Je me suis inscrite à quelques listes de discussion sur Internet. Il y a très peu de choses en français, le tour est vite fait. Ceux qui sont branchés dans le monde de l'autisme sont québécois, mais sur la toile on n'entend pas nos accents. Les quelques français de France deviennent rapidement mes amis et lors de mon passage en France durant l'été, on se rencontre, brièvement mais c'est toujours ça. Je suis contente d'assister à mon premier congrès sur l'autisme à la Défense, je me sens tellement compétente, c'est comme si j'apportais enfin quelque chose de valable, comme si ce que j'écrivais au fil des jours avait enfin du poids, servait à quelque chose et à quelqu'un.
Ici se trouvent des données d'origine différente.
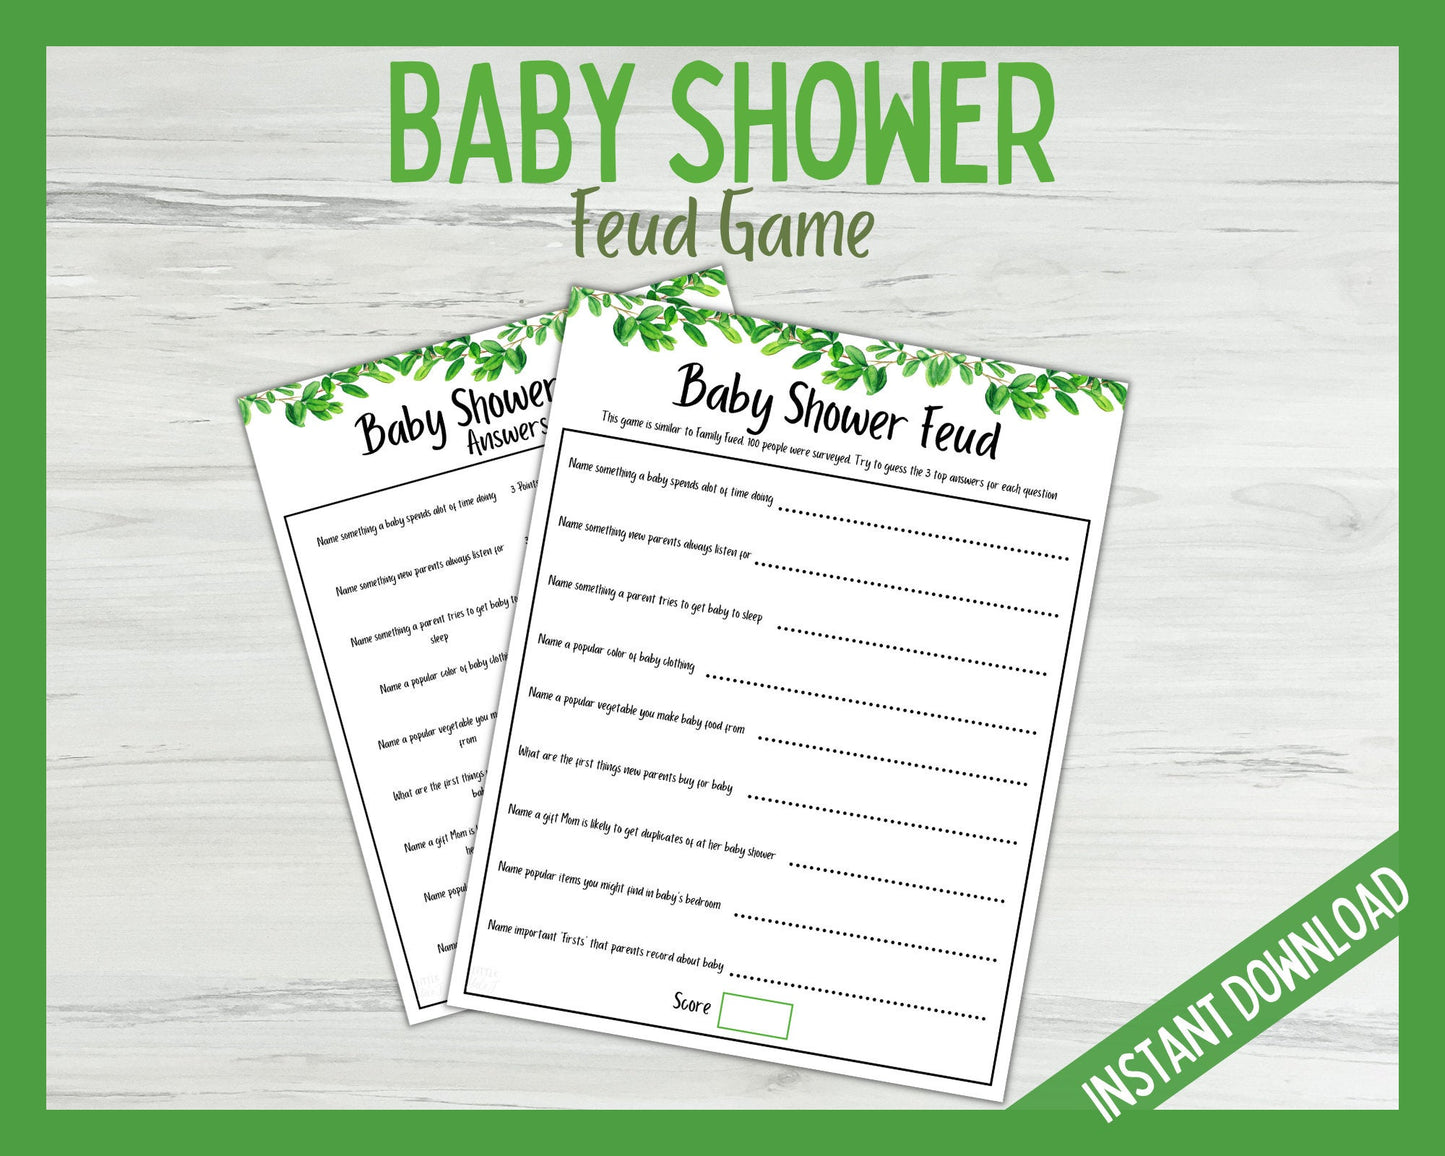 Baby Shower Feud Game - Green

Un jour, je trouve une de ces petites notes que me laissait souvent Estac puisqu'on se croise plus qu'on ne vit ensemble dans la grande maison. En cela, rien n'a vraiment changé. Sur la note, il me dit qu'il est temps que je rentre définitivement en France avec les enfants. Cela fait un peu plus de six mois qu'on vit tous ensemble. Il me demande quand est-ce que je sèvre le bébé. Il vient de moins en moins souvent aux rendez-vous d'évaluation, et jamais aux thérapies. Il ne met même pas un pied dans la chambre d'enfants mais projette tout de même la commercialisation d'un programme logiciel pour l'apprentissage des enfants autistes, qui ne verra jamais le jour, en tout cas pas grâce à lui. Il me reproche d'être la cause de l'arrêt définitif de sa carrière, moi, l'autisme, les enfants.

Je me réfugie dans le cliquetis de mon clavier et je regarde les arbres par la fenêtre.